Phil Bertolini, the longtime deputy county executive and CIO of Oakland County, announced his departure from local government service Friday after a 31-year career bolstering collaboration and innovation.
Longtime Oakland County, Mich., CIO Phil Bertolini has retired from his role as deputy county executive and CIO after 31 years in service of the regional government.
Bertolini made the announcement Friday morning via Twitter, where he thanked his team for their “incredible work for our citizens.” He started his career in local government as an entry-level property appraiser in 1988, eventually working his way up to CIO in 2001, where he oversaw more than 150 employees serving about 1.2 million residents. His last day is Aug. 30.
Today I officially retire from Oakland County after 31 years and I want to thank the amazing team for the many years of incredible work for our citizens. I will miss you all!— Phil Bertolini (@PhilBertolini) August 30, 2019
During his tenure, the county weathered the economic downturn in Michigan by deploying cost-saving technologies, such as a government cloud. He even approached software vendors for partnerships with Oakland County, where products purchased by local governments would be hosted on the county’s cloud.
As the recession continued, his idea expanded into what is now the G2G Marketplace, a portal offering solutions from approved vendors to government agencies. The goal was to provide agencies with a simple way to research, purchase and implement technology and services. The purchasing and licensing processes were boiled down to pre-negotiated blanket agreements.
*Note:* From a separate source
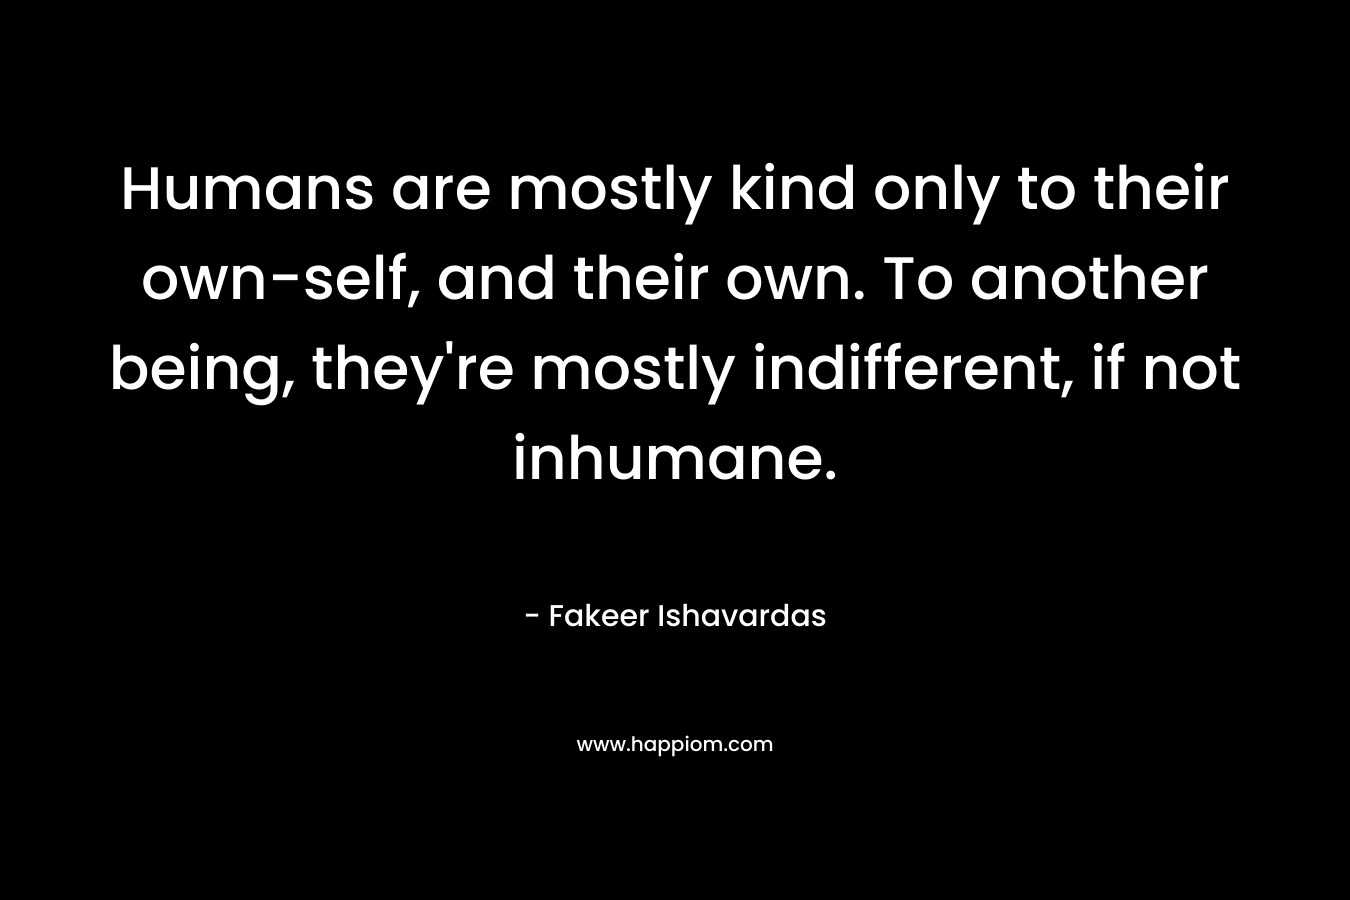 Humans are mostly kind only to their own-self, and their own. To another being, they’re mostly indifferent, if not inhumane. – Fakeer Ishavardas

“The small towns in Michigan don’t have the resources or the money, but we are large and have the capabilities,” Bertolini said of the G2G Marketplace. “I look at assisting the smaller governments as part of our mission.”
Reflecting upon how the recession impacted IT, Bertolini told Government Technology in 2012 that the deployment of cost-saving innovations with a high-yield result is the way IT shops will operate and continue to evolve.
“I think we’ve gone too far to go back,” he said. “We’ve shifted the way we do business so much, and we’ve put efficiencies into the process, that to go back just wouldn’t make sense.”